Appeal the council if you acn WooWoo: they always try it on. However also make an appt with CAB for a proper personalised up to date benefit check.

And YY to Opinonated Mum, esp. social housing. Dh works (I know I am lucky to have him, as I am a carer I am taken from the equation though wrt earning) for a pittance well eblow minimum wage as he is self employed. It just about makes enough to cover rent. However if we could get a council / LA house then we'd see real benefits as time went on. Something went seriously wrong with housing policy and nothing was done to fix it.

jellybeans208 Mon 12-Sep-11 14:58:24

Its the same for couples to on low incomes you get the same if you both quit work and have the kids you want than if you both work and try and do it sensibly. Its like that with us and a lot of people we know, but I am thinking long term

EggyAllenPoe Mon 12-Sep-11 14:58:51

well, on the one hand, i think it is hard to make work pay at the lower end of the scale - between certain limits (over the tax threshold, under the level where you earn comfortably more than your childcare/travel expenses) an on the other as peachy has said it is a long-term thing, and still worth doing.
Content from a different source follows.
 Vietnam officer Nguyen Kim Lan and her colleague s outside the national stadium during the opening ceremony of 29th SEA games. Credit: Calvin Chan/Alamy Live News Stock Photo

and it is an 'everyone' problem, not just a 'single mother' problem - though of course particularly hard for single mums who have all bear it single-handed. Dh got a job. we are well pleased. however, his full-time income will be a £400 per month increase - worth having for certain - and as there are not travel costs even better! but the same job a commute away we would be losing money on in the short term. if i didn't have free childcare even more so. i'd still tell him to go to work though, because of the long-term advantages.

the problem is that on the one hand you want people who can't work to live at a reasonable standard, but on the other, working should pay you more, and the tapering and clawbacks and taxation make this hard. Also, as this was the case under the previous government too, not exactly a new problem.